TICKETS: 020 7373 3842
www.finboroughtheatre.co.uk
Review: Timothy Ramsden 4 July

Sizzling bursts of desire and hate among the North American sands.
The name of Sam Shepard must loom over a generation of American playwrights as Pinteresque' has over a generation of British, as influence, on play, character or dialogue, snaffling away a purportedly individual voice. Still, Lynn Seifert walks foursquare into the trap with her play, now revived by Icarus Theatre Collective.

Here's the desert this time in northern Arizona - well-represented by the sand-covered floor over which audience members have to trek, strewn in one corner with trailer-trash appurtenances. A bed where Andreas is discovered snoring, and disintegrating fridge, source of cool liquor.

Here, too, are isolated characters caught in a routine rooted in emotion and instinct, where small matters are magnified by near-crazed obsession. And no more than Scarlet, the coyote, father-fixated and father's woman hating.

Siefert draws on both the animal, and a Navajo human type. Both are cunning loners and unpredictable tricksters. From the start, Jade Magri moves animal-like over the stage, impulsive and determined, emotionally sparky, needing to be placated. If there's a limit to the performance, it's only a sense of composure lurking within the eyes and facial expression.

Her obsession with minutiae is matched by the older generation, notably Edmund Dehn's Red, whose pride is the car he brings home, from somewhere. For him it's progress and liberation; it all, of course, ends badly. The desert is to remain these people's home.

Into it, still in the Shepard (and traditional dramatic) manner, comes a stranger. Two strangers, though for Dowd it's a homecoming of sorts, despite Scarlet not knowing him. Nothing's straightforward in family groups built on pure emotion. But it's his partner Penny, polite and willing to please, who finds herself caught in this weird, painful and intense world. Lisa Renee copes well with the struggle to maintain some social balance in this maddened milieu.
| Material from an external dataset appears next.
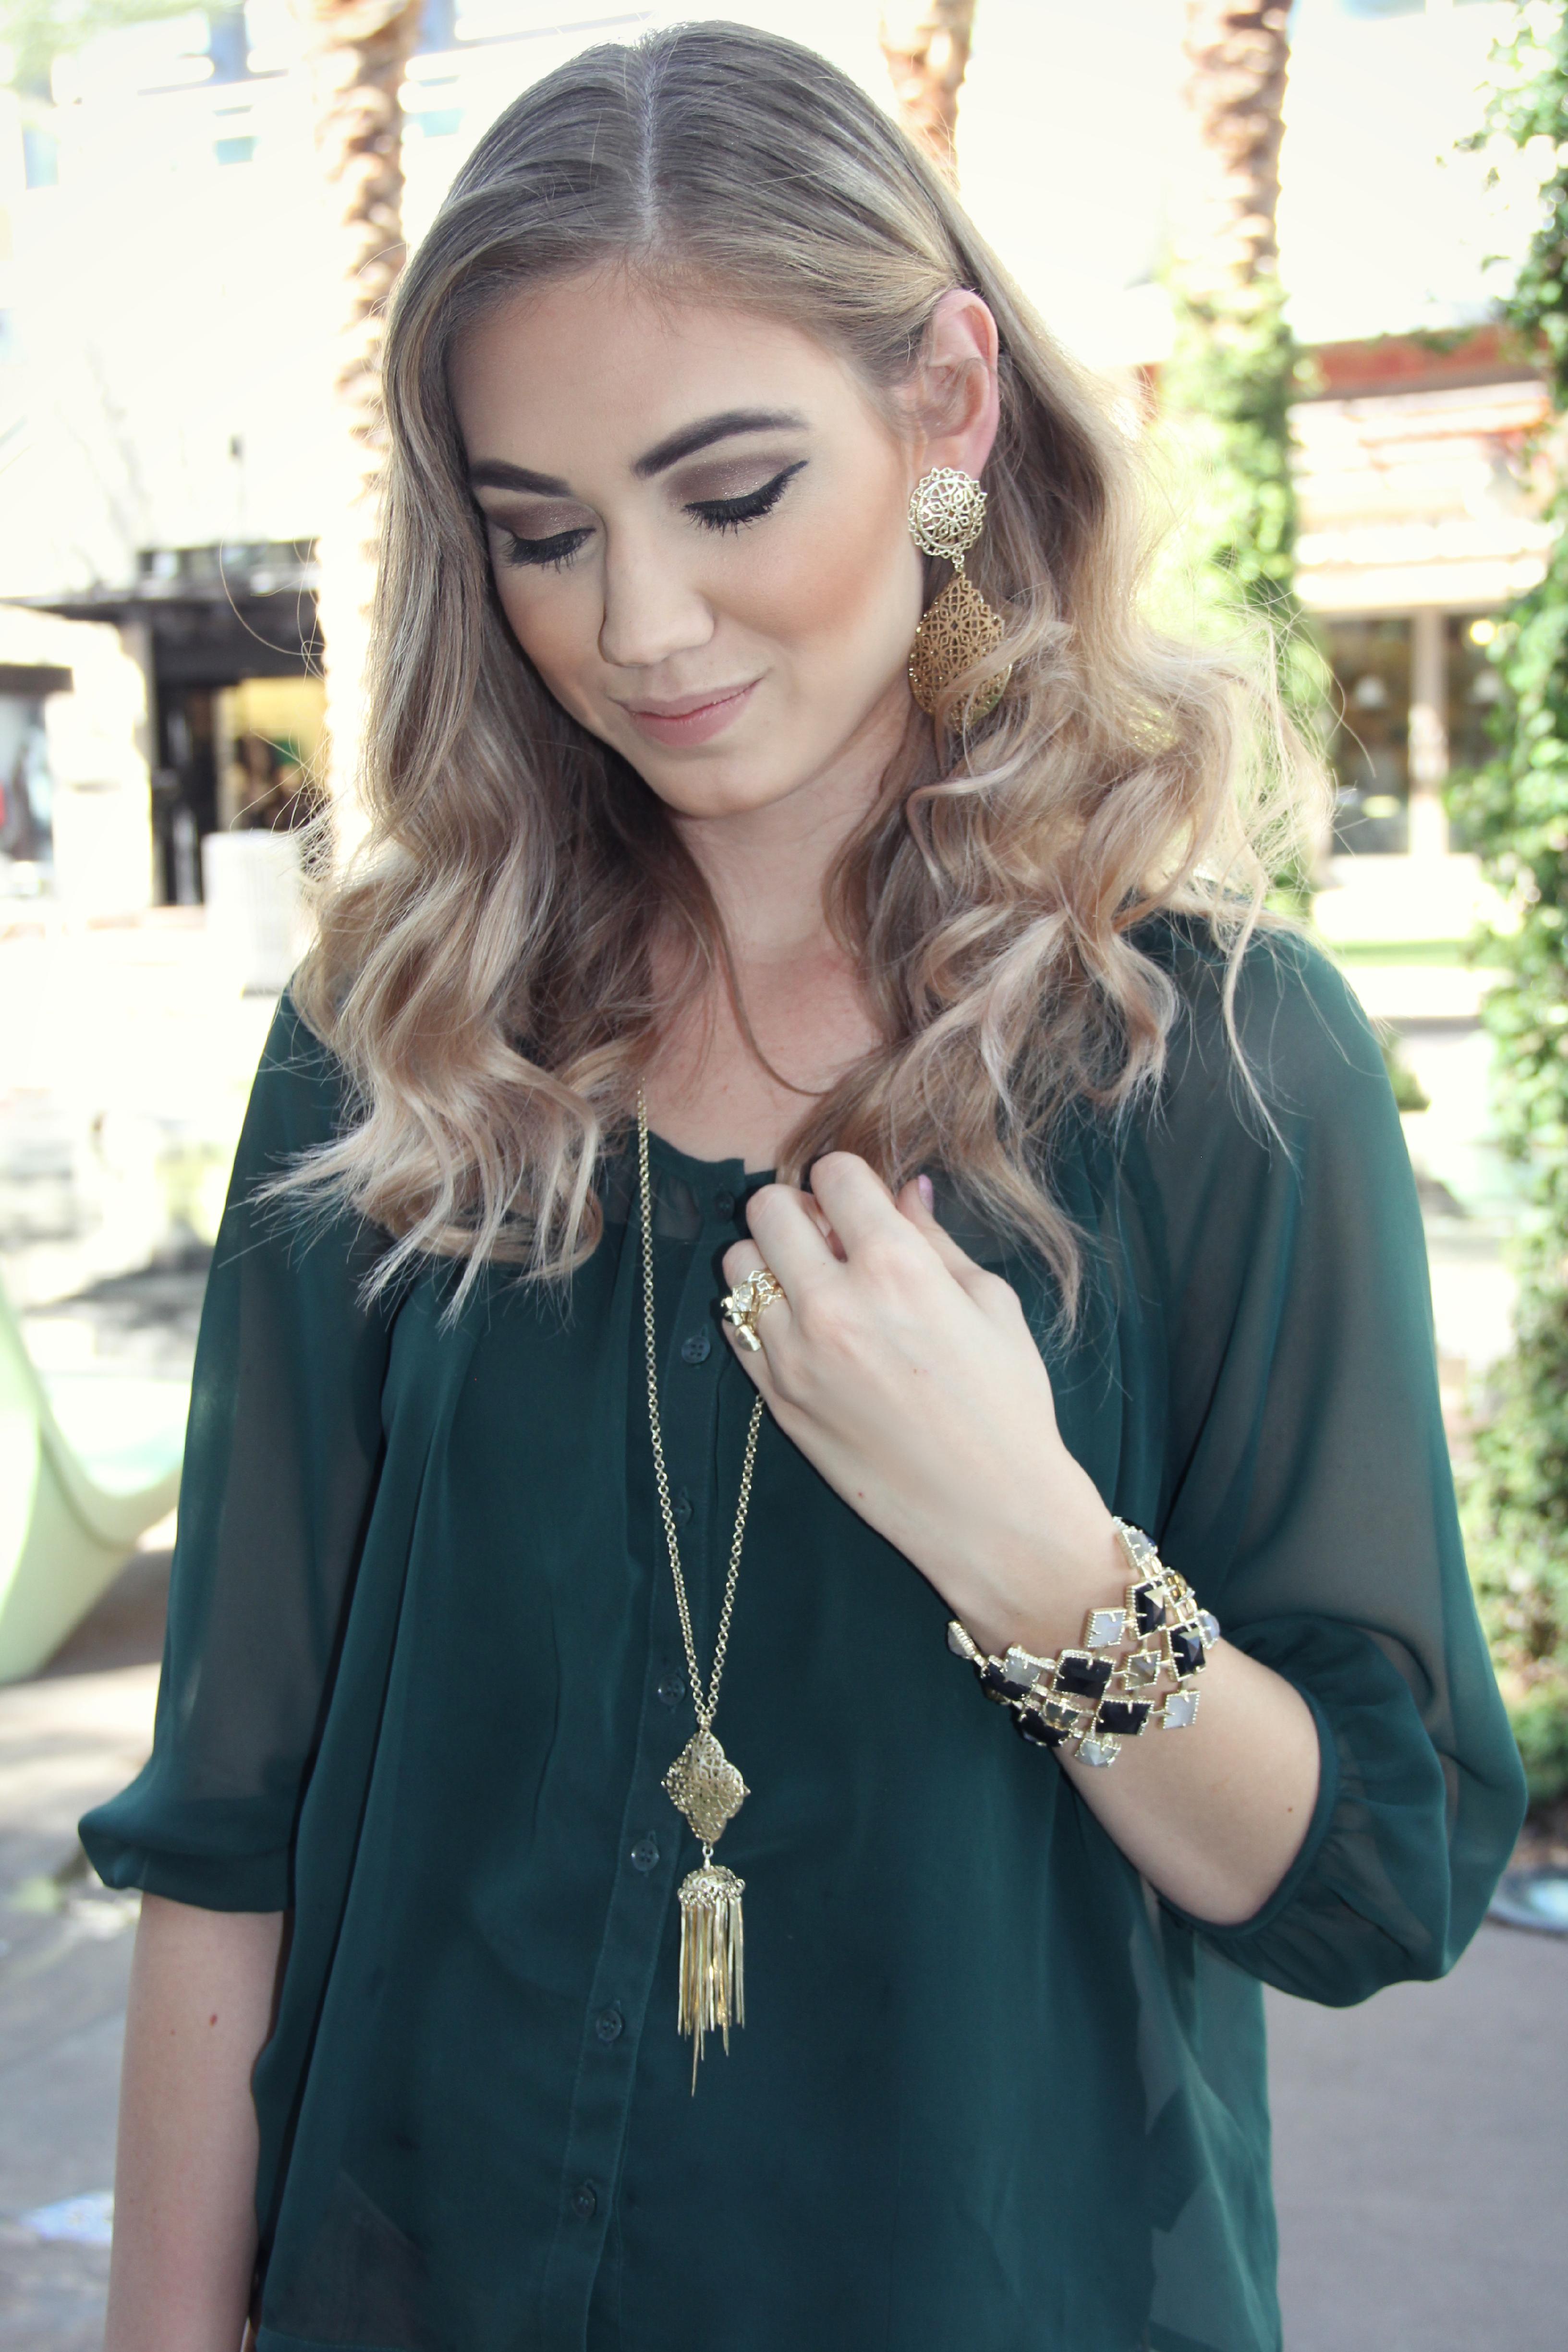 Kendra Scott Scottsdale Quarter jewelry

Siefert's success is in the vivid quality of her characters, caught well by Icarus' cast. It's a tortured, quite fascinating journey, even if one you can't help recalling having made or something rather similar before. If you have, that is.

Scarlet: Jade Magri
Andreas: Annie Julian
Red: Edmund Dehn
Dowd: Callum Walker
Penny: Lisa Renee

Director: Max Lewendel
Designers: Max Lewendel, Chris Hone
Lighting: Alex Watson
Sound/Music: Ben Walker
Costume: Alena Ondrackova

2004-07-11 09:50:48

Previous
Previous

MAN AND SUPERMAN. To 28 August.

Next
Next

BABY WITH THE BATHWATER. To 3 July.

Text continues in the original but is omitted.